There were also a number of gardai in attendance, she said.

“I was quite shocked and I wondered was he alive or dead - he was totally still - there was no movement whatsoever - he was warm and there was a sense of not knowing what had happened, what we were dealing with,” said Dr Rouse.

Dr Rouse said she assisted Dr Mulrooney and Ms O’Carroll in carrying out full cardio pulmonary resuscitation and she began to feel a pulse even though Brian did not start breathing spontaneously.

Brian had two black eyes with surrounding bruising but she didn’t see any abrasions on the left side of his face though that wasn’t to say that it wasn’t there, said Dr Rouse, adding that there was also bruising on his chest wall.

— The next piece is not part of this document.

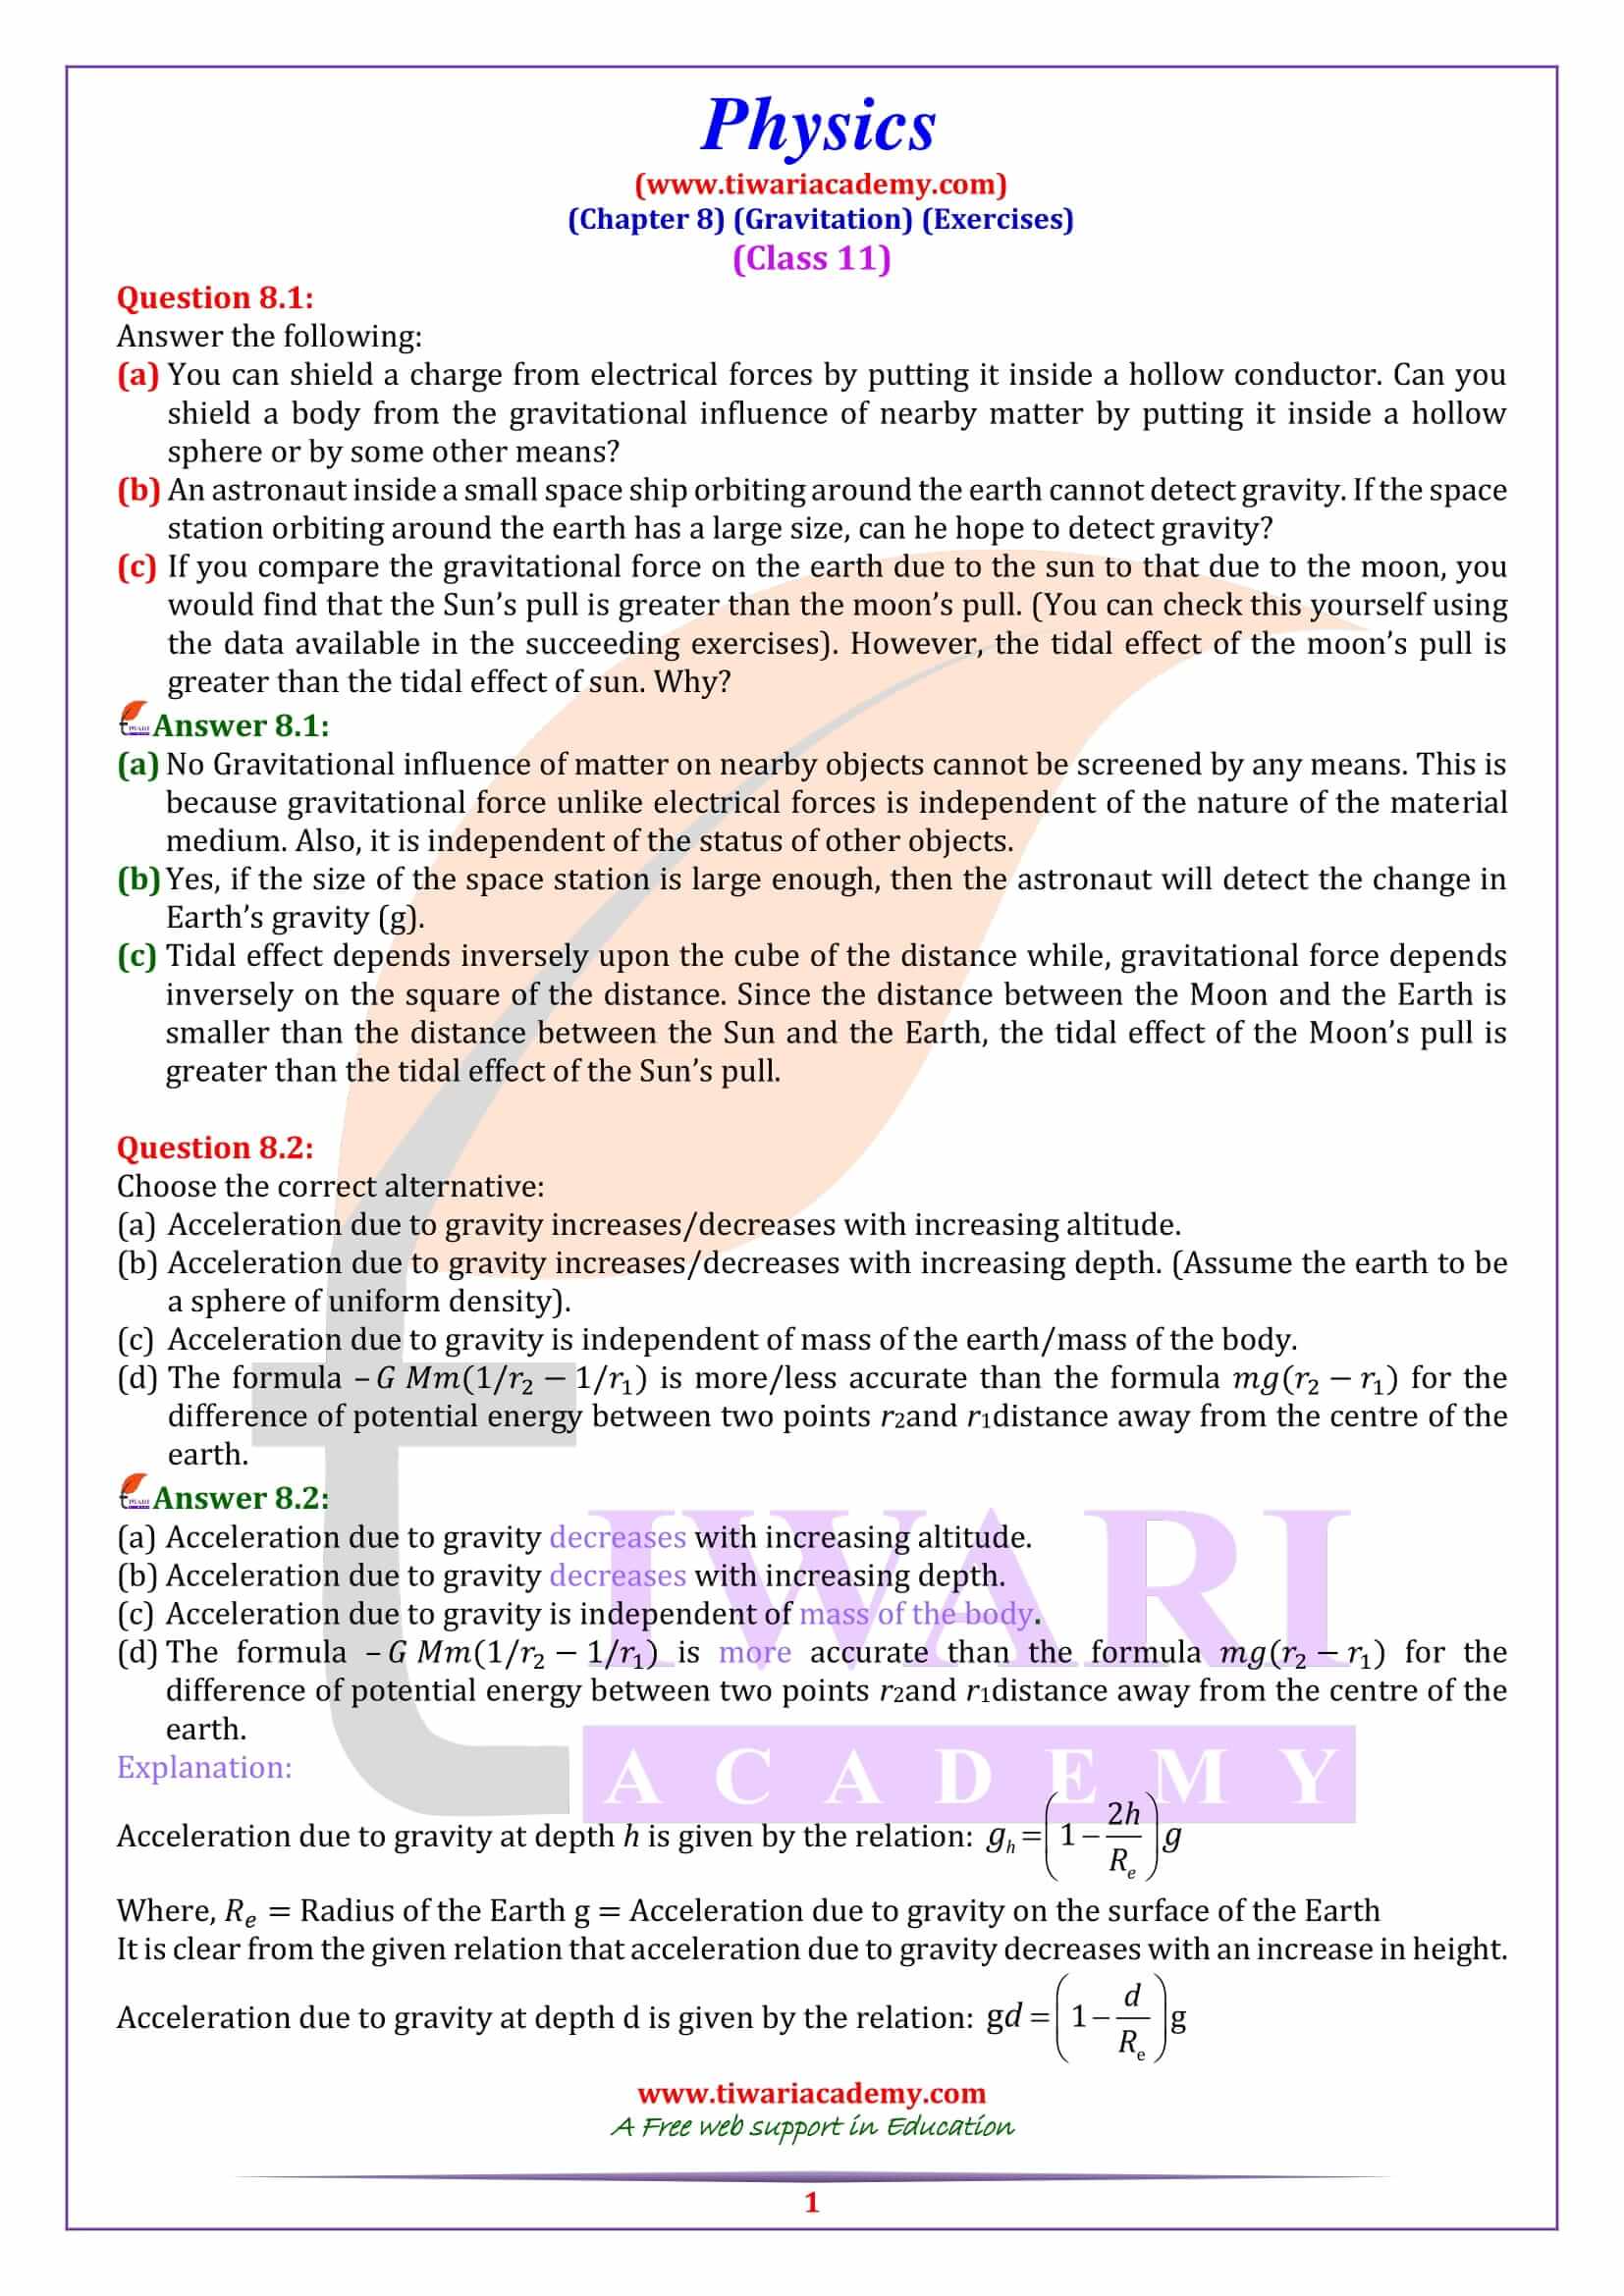 NCERT Solutions for Class 11 Physics Chapter 8 Exercises

Cross-examined by Aidan Doyle BL, a barrister representing the Rossiters, Dr Rouse said Brian’s top had been removed but he was clothed from the waist down so she didn’t see any purple bruising to his penis.

She said she remembered Dr Mulrooney saying she had seen vomit when she arrived and she had cleared Brian’s airways before commencing mouth to mouth resuscitation to try and get Brian breathing again.

“I was aware that there were gardai around when we were putting up drips - they were giving assistance - we were all a bit panicked,” said Dr Rouse who had earlier said she hadn’t expected to be walking in on such a serious situation.